A bagel also has to be boiled before it is baked. Boiling is what gives bagels their characteristic hard, chewy exteriors. Brushing the unbaked dough rings with water before baking them will not accomplish the same thing, and neither will steaming. You must actually submerge the bagels in simmering water for at least a minute; they will darken slightly, and their outsides will become far less pliable, close to the texture of undercooked pasta.

Purists say that bagel dough needs to rest for a day before you shape and bake it, and they’re right. But if you simply must have bagels today, you can get away with giving the dough a quick rise, even though the crumb will leave something to be desired.

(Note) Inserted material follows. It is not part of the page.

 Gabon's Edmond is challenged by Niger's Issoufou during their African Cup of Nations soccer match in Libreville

Purists also say that the proper way to shape bagels is to roll a piece of dough into a long rope and then to connect the ends of the rope to form a ring. You are free to do this, but I always find that the ends of my ropes don’t adhere to each other very well and sometimes disconnect during the boiling process. It’s quicker and easier to just punch a hole in a ball of dough with your thumb. The resulting bagels look a little ragged — excuse me, rustic — but I’m eating these bagels, not entering them in beauty pageants.

If you want to sprinkle sesame seeds or everything bagel topping on your bagels before baking, brush the boiled bagels with a little beaten egg white beforehand — the albumen will help the topping stick.

Bagels

Yield: 10 to 12 bagels. Time: 4 to 16 hours, mostly unattended

4 cups all-purpose flour

2 1/4 teaspoons instant yeast or one 1/4-ounce packet active dry yeast

2 teaspoons salt

1/4 cup barley malt syrup

Oil for greasing the bowl and pan

Combine the flour, yeast, and salt in a large bowl. Add 1 1/2 cups warm water — about the same temperature as the inside of your wrist — and 2 tablespoons of the barley malt syrup. Stir with the dough-hook attachment of a stand mixer or by hand until combined.

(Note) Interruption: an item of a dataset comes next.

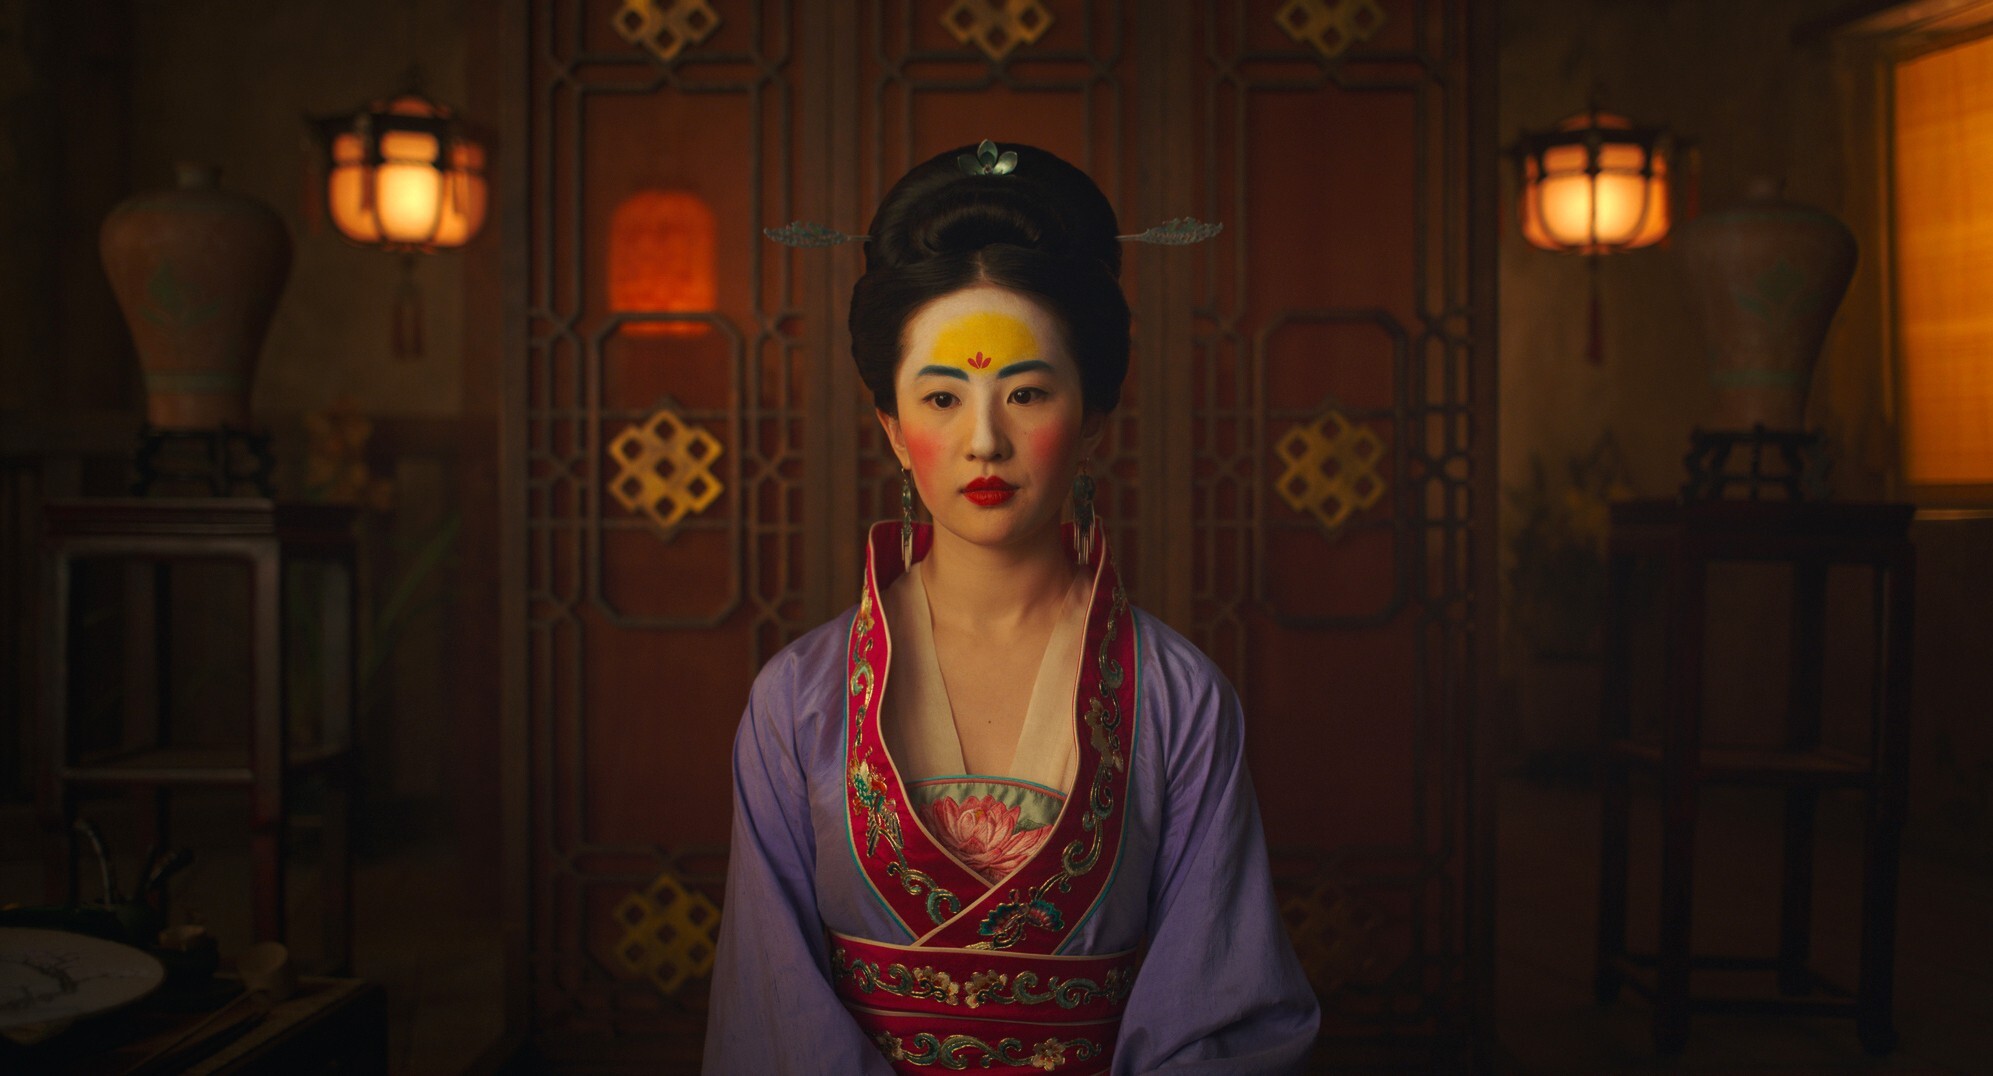 This image released by Disney shows Yifei Liu in the title role of "Mulan." (Disney via AP)

Knead the dough with the dough-hook attachment of a stand mixer or by hand until it feels smooth and elastic, about 10 minutes, adding flour as necessary to keep the dough from sticking. Grease a large bowl (it’s fine to use the same one you mixed the dough in), add the dough, and turn it over to coat it lightly with oil or butter. Cover the bowl with a clean kitchen towel or plastic wrap, put it in a warm place, and let the dough rise until doubled in size, at least 1 hour and preferably overnight.

Grease a baking sheet with oil. Punch down the dough, then scoop about 1/3 cup of it into your hand, shape it into a 4-inch ring, and put it on the baking sheet. Repeat with the remaining dough. Cover the baking sheet with plastic wrap, put it in a warm place, and let the dough rise until doubled in size, about 1 hour.

Heat the oven to 425 degrees F, and put 6 cups of water in a large pot over high heat. When it boils, add the remaining 2 tablespoons barley malt syrup and adjust the heat so it simmers steadily. Add three or four of the bagels to the boiling water and cook, turning once, until they are firm and golden, 1 1/2 to 2 minutes. Remove the bagels from the pot with a slotted spoon and return them to the baking sheet. Repeat with the remaining uncooked bagels.

Bake the bagels until they are evenly browned, 25 to 30 minutes. Serve warm.